All this means that graduate students for years to come will have the exciting opportunity to go out into the field to do their work. While the research itself is exciting, traveling to these exotic locations brings us in contact with scientists from other fields doing all sorts of other great science. For those of us who get to go to Antarctica, we meet people on the cutting edge of climate and atmospheric research. For those working underground, they may encounter earth scientists or researchers study life in extreme environments. All of which make for rich and stimulating conversations and experiences.

This brings me back to the shameless self-promotion. When the Economist opportunity came up to share some of my experiences traveling, living, and doing research at the South Pole, I jumped at it. I’ve tried to squeeze in as much basic climate science and physics as I could, so if you’re interested, check it out here

11 Comments

11 thoughts on “Guest Post: Michelangelo D’Agostino on Particle Physics Fieldwork in Antarctica”

  1. “Using hot water, we melt holes 2,500 km down into the ice and install very sensitive light detectors.”

    I guess it is 2500meters.

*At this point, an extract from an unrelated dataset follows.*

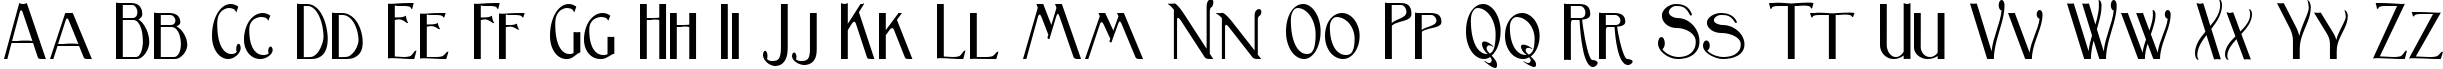 Пример написания английского алфавита шрифтом Birmingham Sans Serif

Exciting work..Nice post!

  2. Wouldn’t it be easier to use a very large water deposit that already exists under the ice, namely Lake Vostok, Russkies permitting (as it is apparently directly under their Antarctic base) and if at some 10,000′ down it isn’t too deep for your drills?

    Your gear would need thorough sterilization first though, or else you’d risk introducing microbes into the lake and thereby hamper or ruin the chances of biologists who might wish to study bacteria which may have bred there since the ice froze over it originally.

  3. Hey John. Using a large water deposit to do the same thing is not a bad idea. There are European groups (ANTARES, NEMO, NESTOR…) who are using the clear water of certain parts of the Mediterranean to build similar large volume neutrino telescopes. There are advantages and disadvantages to both techniques–ease of deployment, optical properties of the medium, noise, bio-fouling, etc. Certainly the quality of life in the south of France is slightly better than at the South Pole though…

    Using Lake Vostok wouldn’t be much of a help. As a target, its volume of water is the same as an equivalent block of ice. Plus, you’d still have to drill down with hot water to deploy your instruments. And then, as you say, you’d be contaminating a Lake which is still, at the moment at least, a pristine target for astrobiologists.

  4. Experimental work on dark matter? Sounds like another great post somebody knowledgeable could put together.

  5. We’re not really sensitive to geoneutrinos, unfortunately. They’re way below our energy threshold. Even the smaller, much more densely instrumented detectors like KAMLand, which have seen geoneutrinos, had to do quite a bit of work to extract such a low energy signal.

  6. Michelangelo,

    Reading this story of yours makes me wanna join your South Pole team — despite the fact that I’m a total wimp when it comes to the cold… But I believe I’ll have little (if any) trouble tolerating the cold IceCube, so long as your travel writing is there to keep me warm!;~)

  7. Lawrence B. Crowell

    Science had an article on ICECUBE about a year ago. As I remember the whole thing is basically a large Cherenkov detector. I suppose the melted glacier water is very pure and a good medium to put detectors in.

    I have to admit that it is too bad that the idea place is not in the Bahamas.

    Lawrence B. Crowell

  8. Lawrence,

    They’re not melting the ice to get liquid water, they’re just doing it to get a hole to lower a string of detectors into (they lay these out on a grid). The un-melted ice acts as the scintillator. It’s a really cool project, although staggeringly expensive (I was told that the diesel fuel necessary to make one of their holes takes more than one LC-130 flight from McMurdo).